静岡県の川勝平太(かわかつ・へいた)知事が2日、「不適切な発言」に絡んで辞職する意向を示しました。
リニア中央新幹線の着工を認めてこなかった静岡県の方針が、今後、変わる可能性があり、長野県内の関係者からは早期開通への期待の声も上がっています。
2日、6月県議会をもって辞職する意向を示した静岡県の川勝平太知事。
川勝知事は、リニア中央新幹線の静岡工区をめぐって、大井川の水の量が減ることや生態系への影響が懸念されるなどとして、着工を認めてきませんでした。
辞職の意向を受けて阿部知事は…。
阿部知事:
「突然の表明ということで驚いているのが率直な思い。静岡県としての取り組みのあり方とか方向性とかそういうものは変わってくる可能性も確かにあると思います。引き続き静岡県、JR東海としっかり話し合いをしていただいて課題を解決して、リニア中央新幹線の整備事業が前進するように、取り組んでいただきたいと思っています」
県内駅ができる飯田市の佐藤健(さとう・たけし)市長は、静岡県の動向を「最大の不安定要素」と表現し、今後の、工事の進捗に期待をのぞかせました。
飯田市・佐藤健市長:
「着工に向けた不安定要素、『最大の不安定要素』がクリアされる可能性が出てきたということですので、そういった意味で協議のスピードアップ、着工に向けた手続きのスピードアップを求めたいということです」
一方で、川勝知事は3年前の知事選挙で圧勝していて、リニアをめぐる対応については、静岡県民から一定の支持を受けてきました。

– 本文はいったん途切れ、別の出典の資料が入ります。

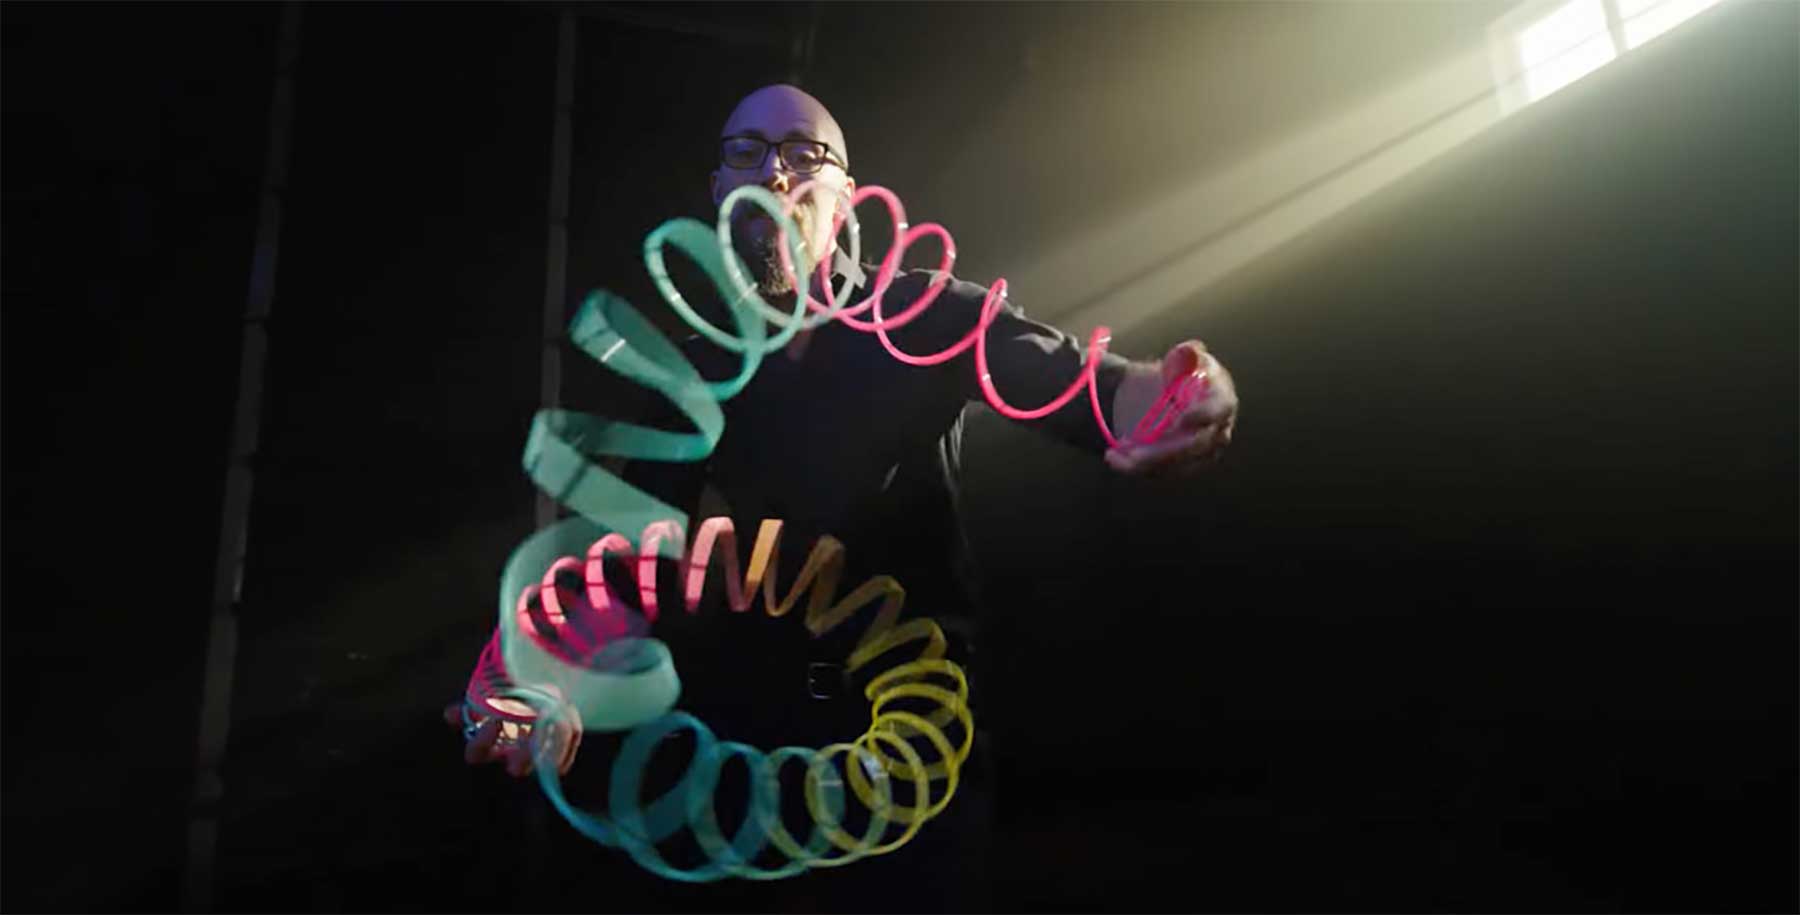 Slinky-Profi Josh Jacobs Slinky-profi-josh-jacobs 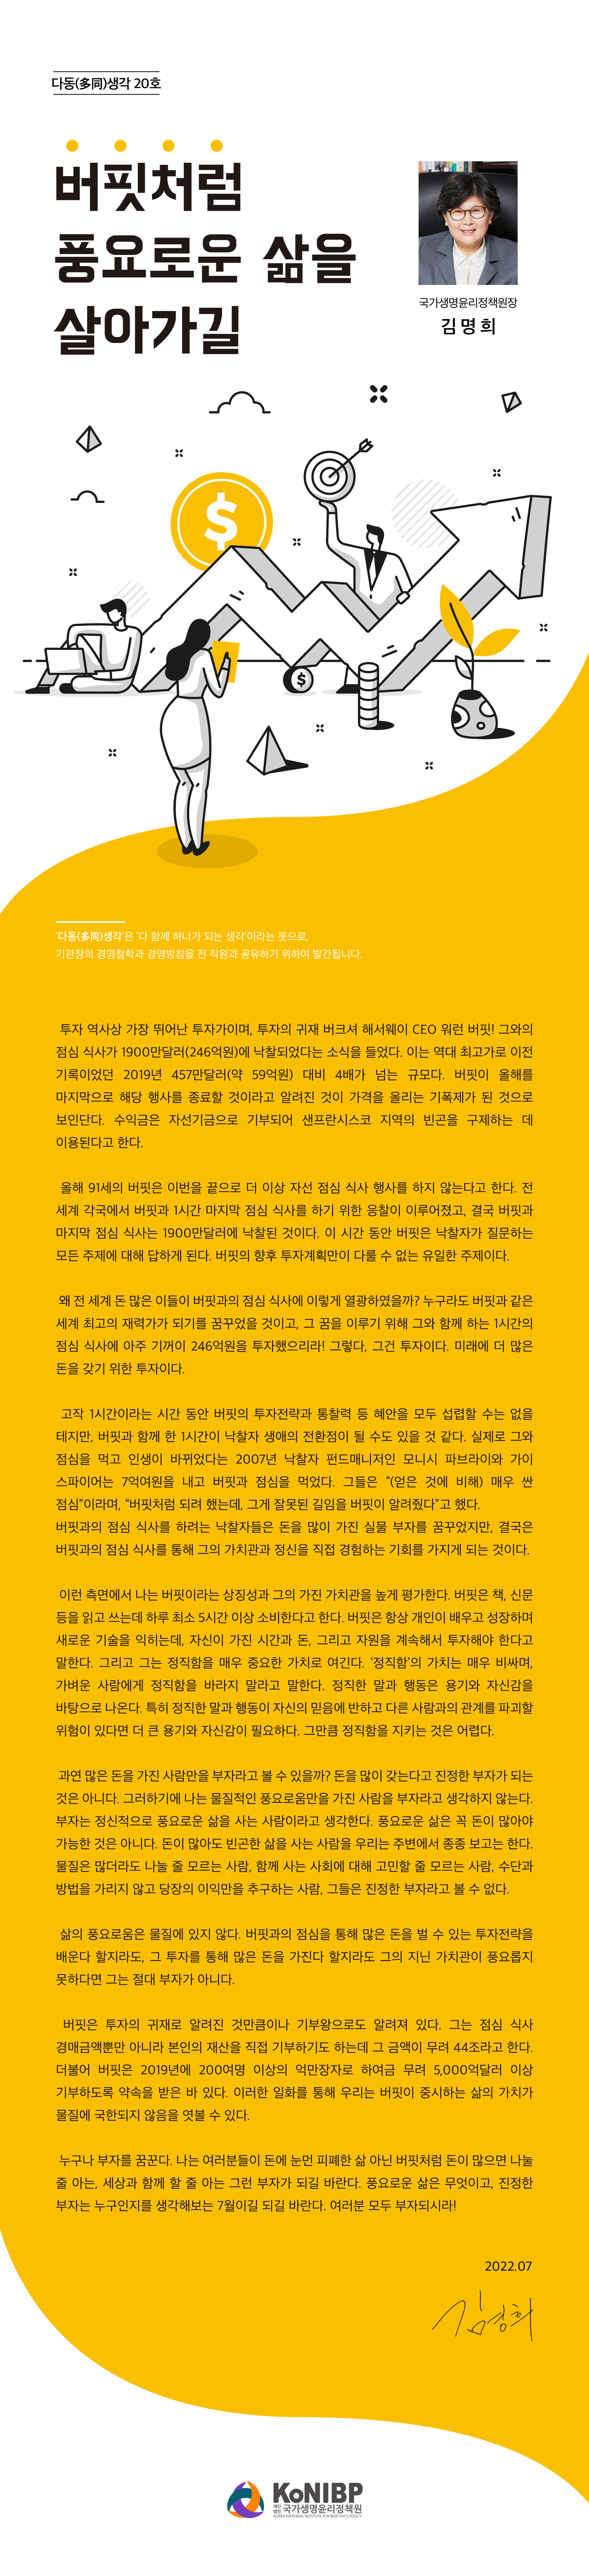 2206-국가생명윤리정책원-다동생각-20호(최종).jpg

また、静岡の動向以前に、長野県内のトンネル工事で出る残土の埋め立て先は十分に確保されておらず、重金属などで汚染された土の処分先も決まっていません。
飯田商工会議所・原勉会頭:
「駅周辺の工事はそれなりに進んでいますけれども、JR東海の現場の話を聞きますとなかなか順調ではないと。この地域でもやっぱり遅れが目立っているということもありますし、1日も早くこの飯田の地区にリニアが走ってくることを実現させたい」
今後、静岡県がどのような方針をとるのかは大きな注目点ですが、県内でも開業に向けて解決すべき課題は山積しています。